Я произнес на этом совещании пространную речь. Вначале я сделал краткий обзор исторического прошлого казачества. Казаки — чисто русские люди, наиболее сильные в физическом и моральном отношении, с наибольшей энергией и предприимчивостью.
Гений русского народа всегда тянулся на юг, а не на север, а потому Петровская реформа — историческая ошибка. Казаки олицетворяли собою тягу на юг, туда, где больше света, больше тепла, больше солнца.
— Когда началась невзгода, когда снова на Руси настало смутное время, — говорил я, обращаясь к Деникину, — вы, витязи Русской земли, пришли сюда, на юг, спасать Россию вместе с нами, казаками. Казаки оправдывают вашунадежду, вашу веру…
— Мы. — говорил я, — недоумеваем теперь, почему казаки, не один раз спасавшие Россию, ныне оказались где-то в стороне? Около вас все, кроме тех, кто должен быть. Около вас должны быть казачьи атаманы и председатели казачьих правительств. Вы неоднократно указывали, что высоко цените, любите казаков и считаете их молодцами. Мы сами давно знаем себе цену. Нам надоело быть молодцами. Мы хотим быть гражданами. Мы, представители казачества, считаем, что имеем полное право быть привлеченными к государственному строительству…

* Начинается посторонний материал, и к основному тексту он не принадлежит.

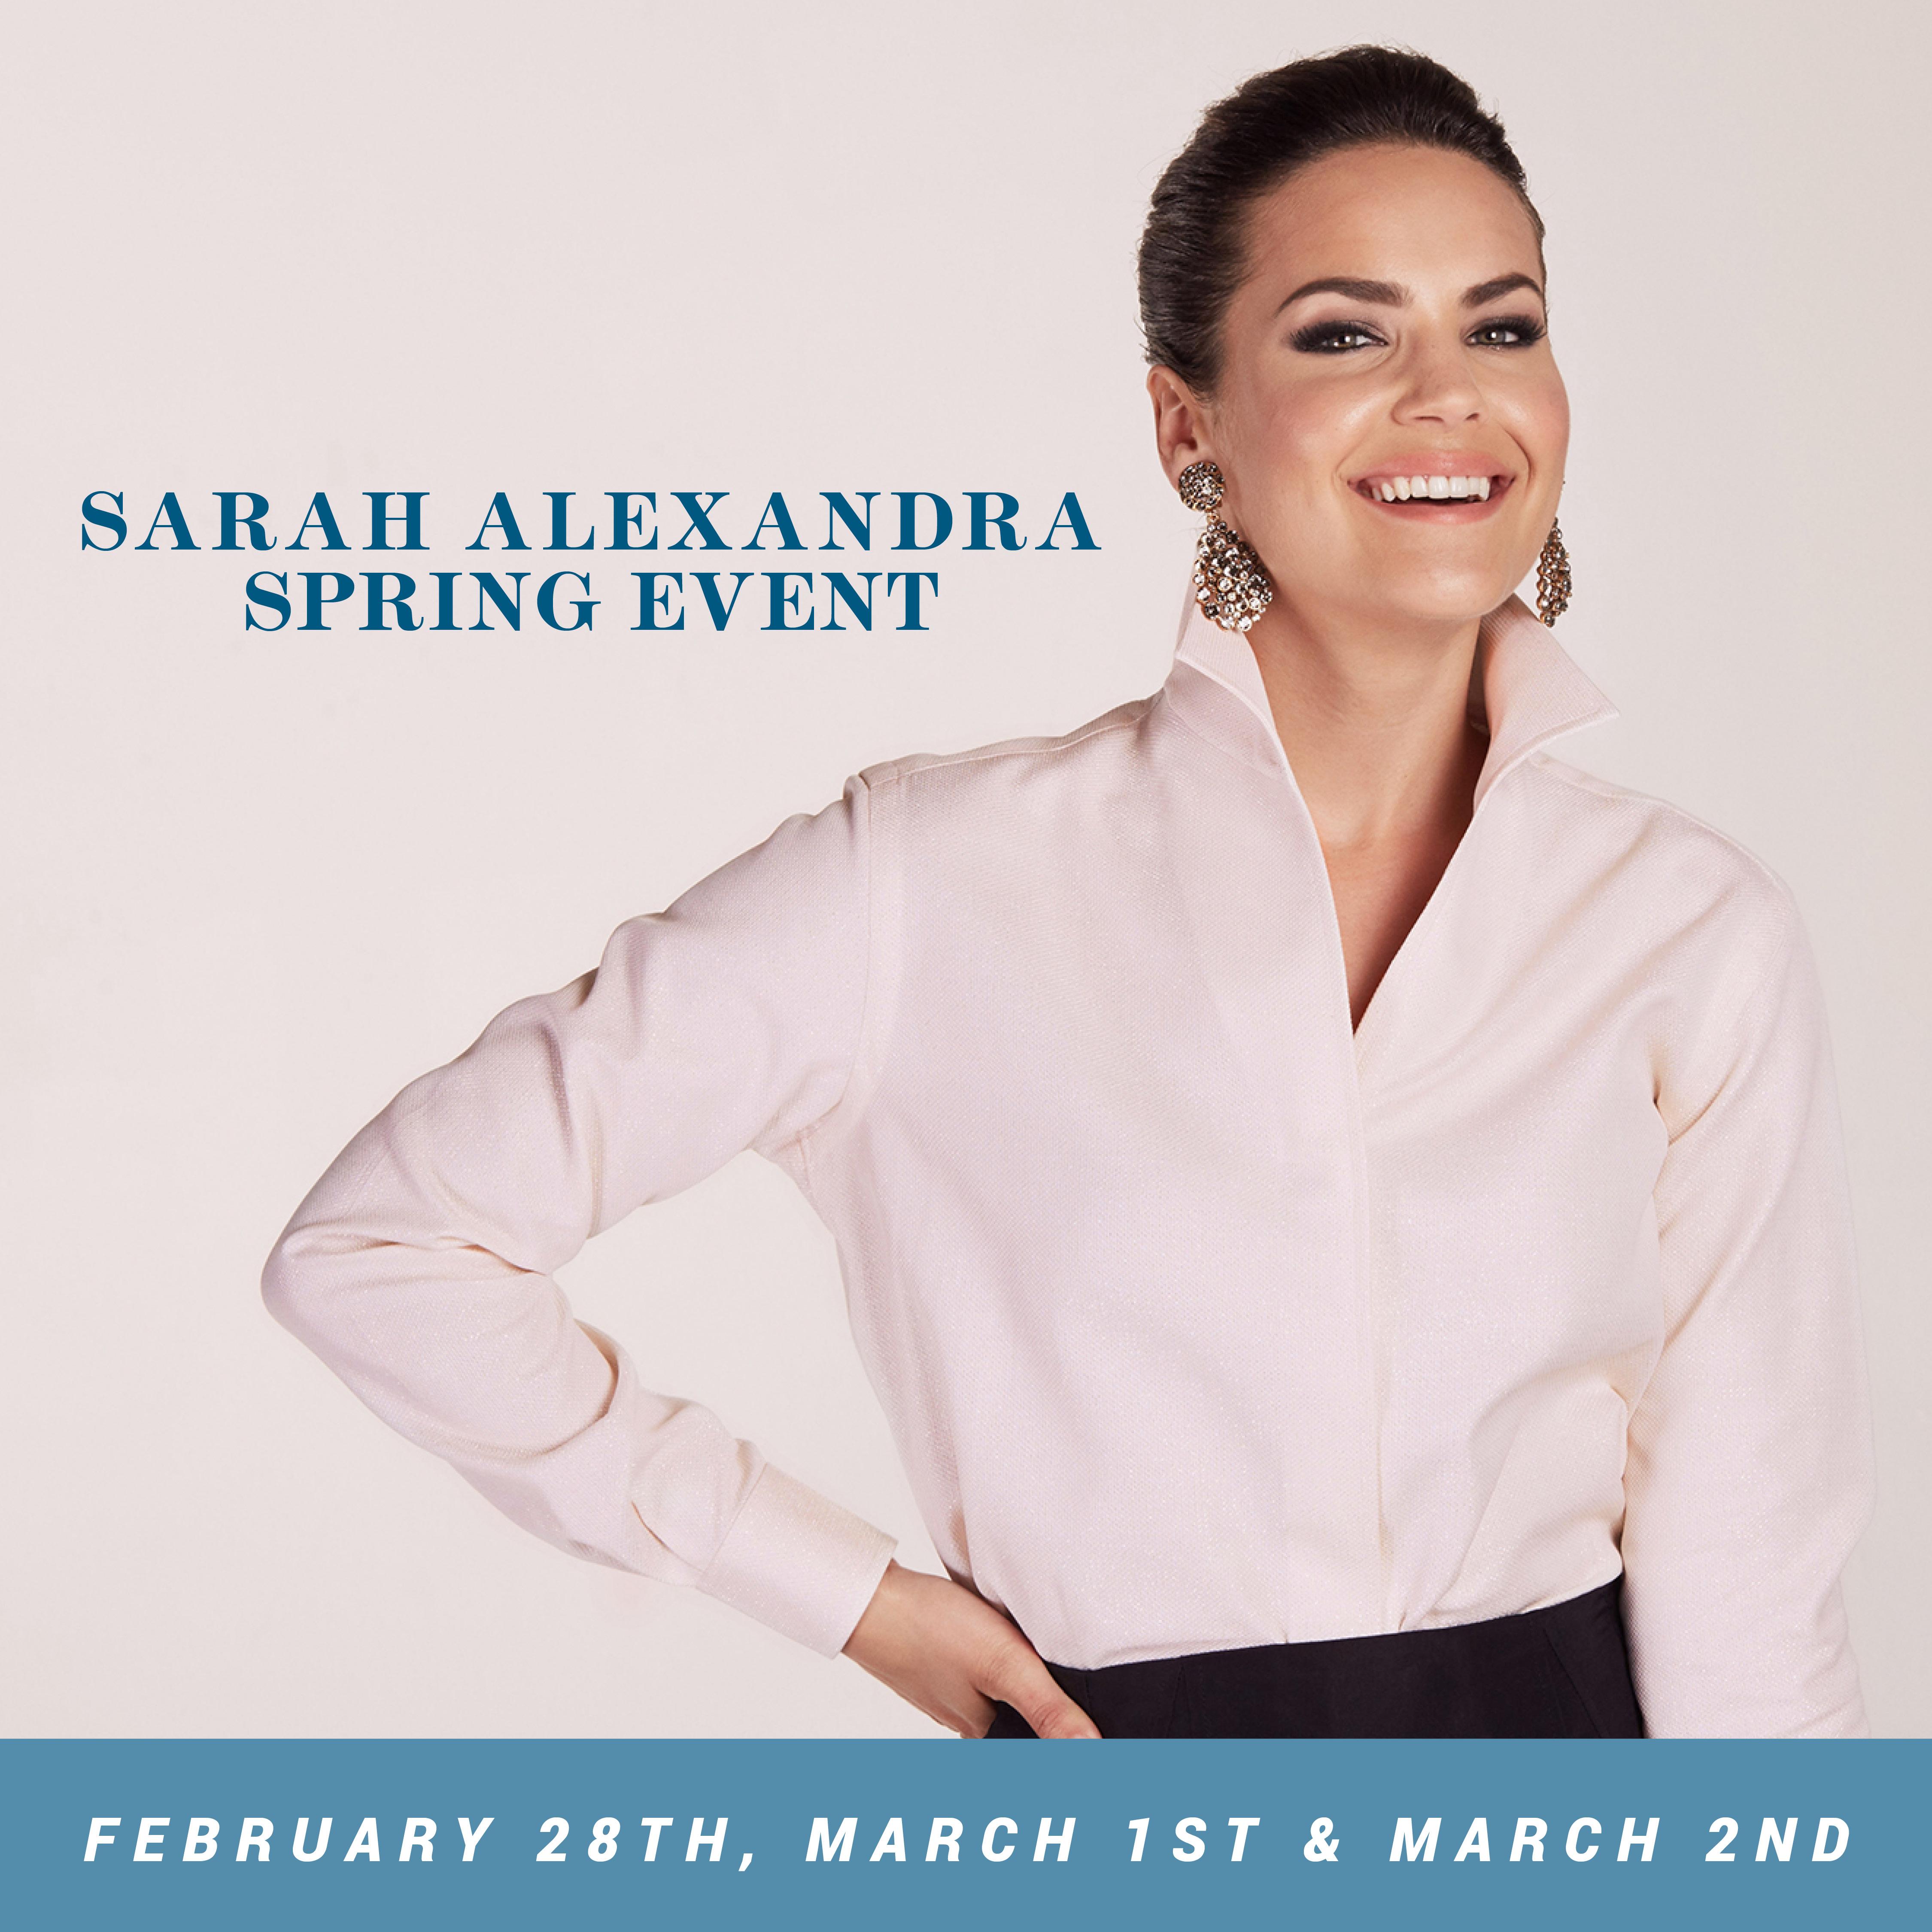 Sarah Alexandra Spring Event
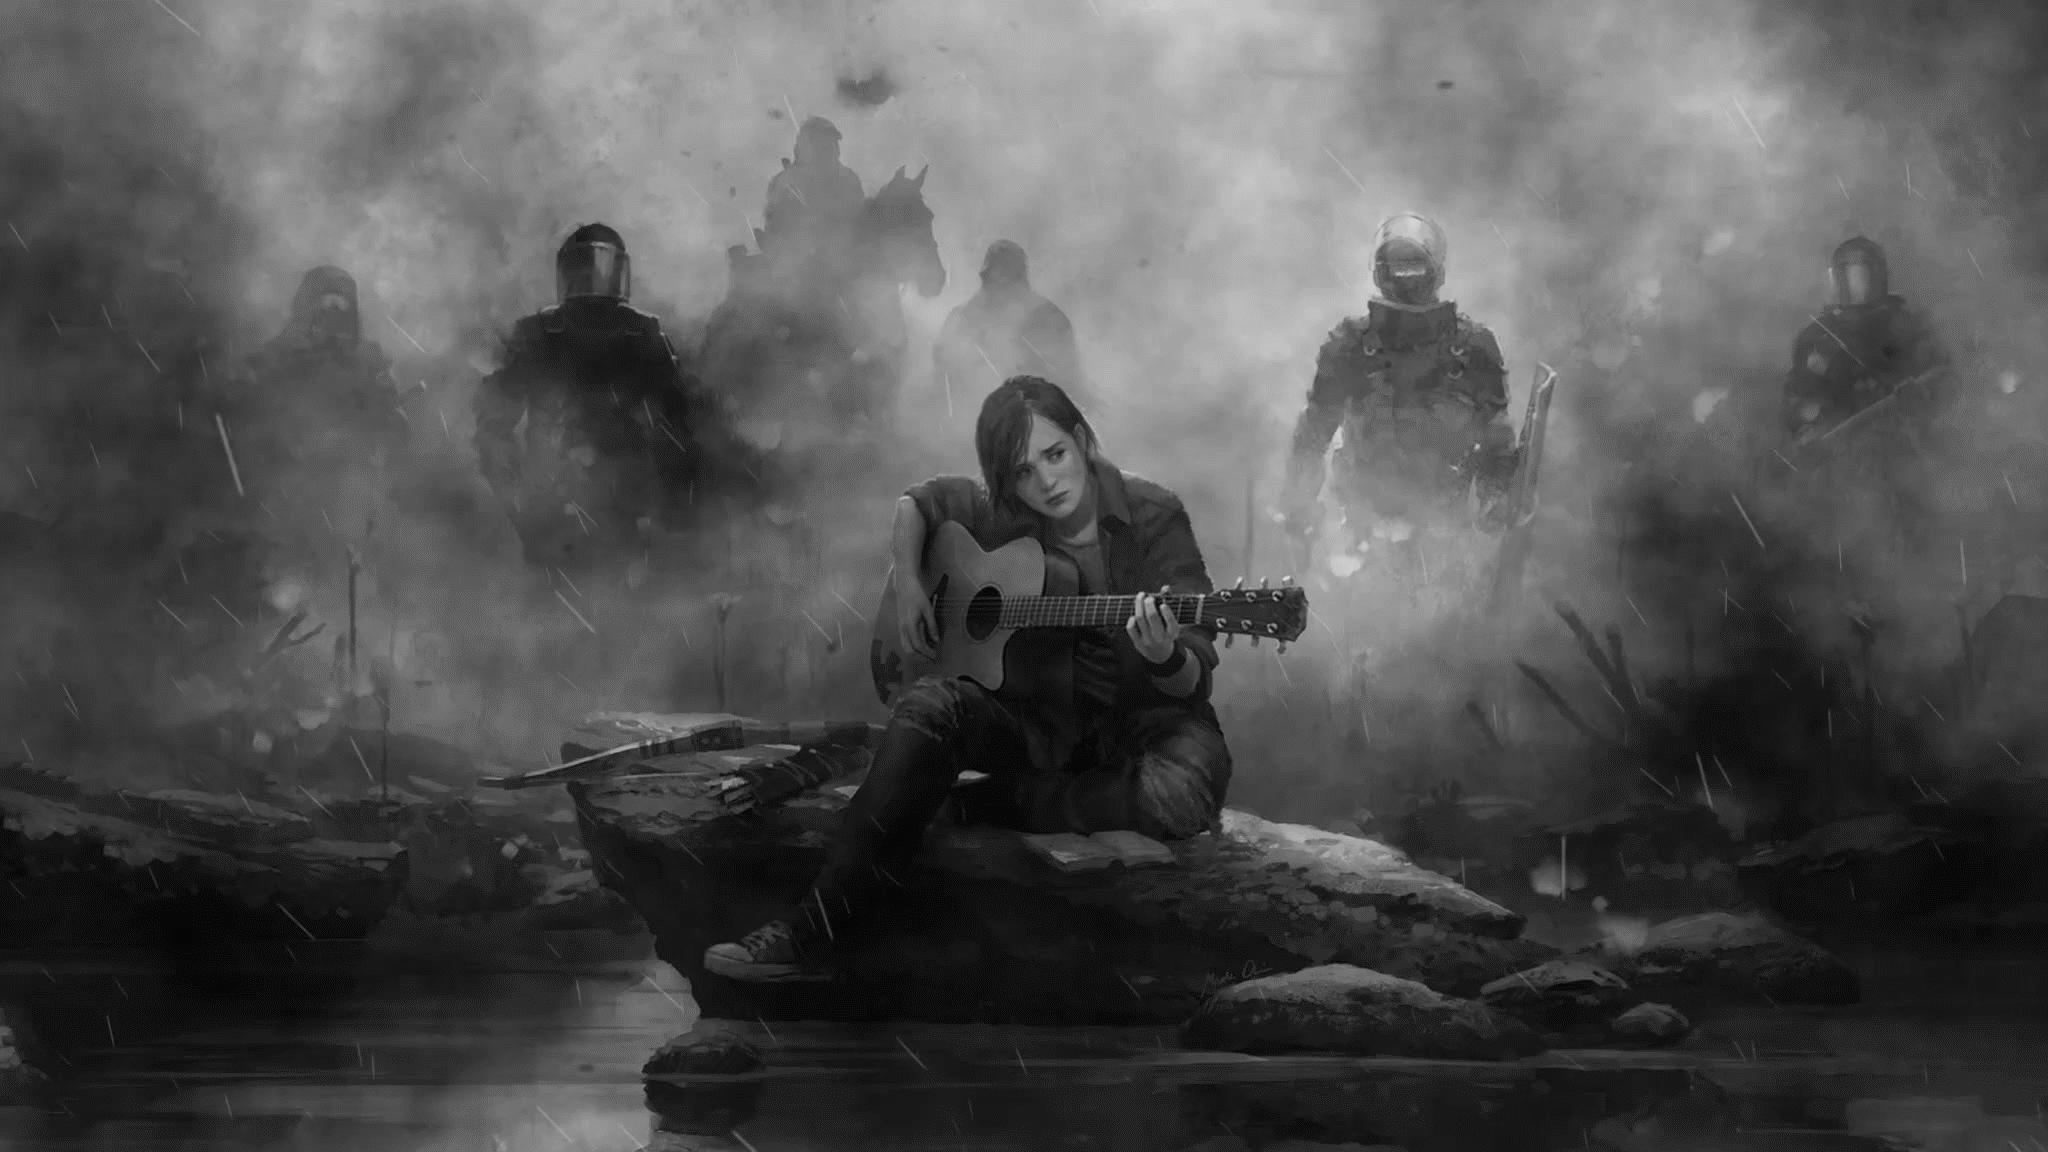 Ellie The Last Of Us Part 2 Guitar Monochrome Hd Games 4k

Другие представители казаков высказывались в этом же смысле и резко указали на оскорбительную для нас формулировку вопроса генералом Деникиным. Последний не ответил на наши требования по существу, а лишь заявил:
— Вы, господа атаманы, меня очень сильно «облаяли», но я все же весьма удовлетворен тем, что вижу перед собою действительно русских людей…
Но едва ли Деникин был искренен.
Того же дня вечером у меня во дворце состоялся парадный официальный обед в честь прибывших на совещание атаманов, на котором присутствовало до двухсот человек, в том числе и представители союзных держав. Во время обеда играла музыка, исполнялись войсковым хором казачьи гимны — донской, кубанский.
Деникин во время обеда был мрачен и произнес совершенно неожиданный для нас тост. Он сказал приблизительно следующую речь:
— Вчера здесь, в Екатеринодаре, царили большевики. Над этим домом развевалась красная тряпка, в городе творились безобразия. Проклятое вчера… Сегодня здесь происходит что-то странное. — слышен звон бокалов, льется вино, поются казачьи гимны, слышатся странные казачьи речи, над этим домом развевается кубанский флаг… Странное сегодня… Но я верю, что завтра над этим домом будет развеваться трехцветное, национальное русское знамя, здесь будут петь русский национальный гимн, будут происходить только русские разговоры. Прекрасное «завтра»… Будем же пить за это счастливое, радостное «завтра»…
Для всех присутствовавших этот тост был ушатом холодной воды, и напрасно пытался поднять настроение взявший на себя, по моей просьбе, роль «тулумбаша» Баратов… В течение всего лета 1920 года наши взаимоотношения с Главным командованием не улучшались, а ухудшались. Поводом к этому служили не только политические разногласия, но также и целый ряд второстепенных причин. Существование, например, нашего кубанского флага было для Деникина бельмом на глазу. Я часто говорил Главнокомандующему:
— Если отдельные войсковые части и даже сотни, ну, например, ваша комендантская, имеют собственные значки, то как же вы хотите лишить целое кубанское казачье войско права иметь свой собственный флаг?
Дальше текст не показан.